*** Opening AVAILABLE DATA ***

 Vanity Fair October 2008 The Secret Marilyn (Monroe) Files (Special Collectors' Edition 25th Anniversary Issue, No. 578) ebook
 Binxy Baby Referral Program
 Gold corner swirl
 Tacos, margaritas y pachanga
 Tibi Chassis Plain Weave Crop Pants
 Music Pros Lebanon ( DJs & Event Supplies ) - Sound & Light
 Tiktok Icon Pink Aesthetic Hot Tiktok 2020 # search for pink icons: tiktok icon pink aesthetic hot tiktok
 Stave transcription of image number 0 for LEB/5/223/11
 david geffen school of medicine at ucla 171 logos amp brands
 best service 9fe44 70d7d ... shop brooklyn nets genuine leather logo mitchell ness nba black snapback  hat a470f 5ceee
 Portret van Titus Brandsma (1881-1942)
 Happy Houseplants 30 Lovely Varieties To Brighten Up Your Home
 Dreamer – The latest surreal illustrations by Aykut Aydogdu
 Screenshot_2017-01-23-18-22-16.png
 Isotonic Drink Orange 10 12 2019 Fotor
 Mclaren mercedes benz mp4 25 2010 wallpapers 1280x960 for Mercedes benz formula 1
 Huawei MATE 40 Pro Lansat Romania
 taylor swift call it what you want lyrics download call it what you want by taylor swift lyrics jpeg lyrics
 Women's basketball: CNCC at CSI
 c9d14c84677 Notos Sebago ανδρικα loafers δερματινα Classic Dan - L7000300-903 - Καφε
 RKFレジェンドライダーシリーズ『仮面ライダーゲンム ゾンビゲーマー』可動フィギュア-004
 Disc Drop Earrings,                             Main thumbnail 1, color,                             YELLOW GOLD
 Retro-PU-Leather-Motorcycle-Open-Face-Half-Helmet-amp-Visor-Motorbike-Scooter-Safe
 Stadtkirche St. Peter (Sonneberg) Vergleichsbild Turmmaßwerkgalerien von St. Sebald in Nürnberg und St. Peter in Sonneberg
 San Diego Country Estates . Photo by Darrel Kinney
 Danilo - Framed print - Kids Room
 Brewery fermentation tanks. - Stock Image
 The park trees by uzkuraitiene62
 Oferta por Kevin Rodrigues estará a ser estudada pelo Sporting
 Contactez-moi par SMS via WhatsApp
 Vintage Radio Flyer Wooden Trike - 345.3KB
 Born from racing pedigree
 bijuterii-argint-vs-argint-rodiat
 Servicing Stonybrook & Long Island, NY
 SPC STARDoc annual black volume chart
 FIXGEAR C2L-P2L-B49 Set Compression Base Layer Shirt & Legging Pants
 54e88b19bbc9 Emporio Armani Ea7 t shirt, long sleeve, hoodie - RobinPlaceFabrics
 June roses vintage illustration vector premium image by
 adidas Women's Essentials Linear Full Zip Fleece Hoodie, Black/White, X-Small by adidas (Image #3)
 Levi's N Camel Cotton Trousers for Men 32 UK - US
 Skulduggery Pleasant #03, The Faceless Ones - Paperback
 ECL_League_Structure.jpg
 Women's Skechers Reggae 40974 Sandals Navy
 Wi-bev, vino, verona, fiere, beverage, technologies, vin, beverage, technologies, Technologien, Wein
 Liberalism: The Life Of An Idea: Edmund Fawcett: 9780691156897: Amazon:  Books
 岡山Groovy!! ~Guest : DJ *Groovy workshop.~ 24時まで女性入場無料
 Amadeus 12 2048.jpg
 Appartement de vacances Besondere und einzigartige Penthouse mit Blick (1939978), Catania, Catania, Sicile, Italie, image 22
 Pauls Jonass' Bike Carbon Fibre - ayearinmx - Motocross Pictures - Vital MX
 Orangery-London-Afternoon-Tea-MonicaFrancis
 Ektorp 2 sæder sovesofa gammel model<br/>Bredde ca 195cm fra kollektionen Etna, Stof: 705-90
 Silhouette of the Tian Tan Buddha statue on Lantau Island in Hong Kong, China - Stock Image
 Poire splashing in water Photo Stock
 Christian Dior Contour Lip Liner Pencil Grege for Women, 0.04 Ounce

*** Closing AVAILABLE DATA ***

**ASSIGNMENT**
Please reproduce the closing stretch of the records, from the line with "Silhouette of the" through the last line, exactly as it stands.

**SOLUTION TO THE PROBLEM**
 Silhouette of the Tian Tan Buddha statue on Lantau Island in Hong Kong, China - Stock Image
 Poire splashing in water Photo Stock
 Christian Dior Contour Lip Liner Pencil Grege for Women, 0.04 Ounce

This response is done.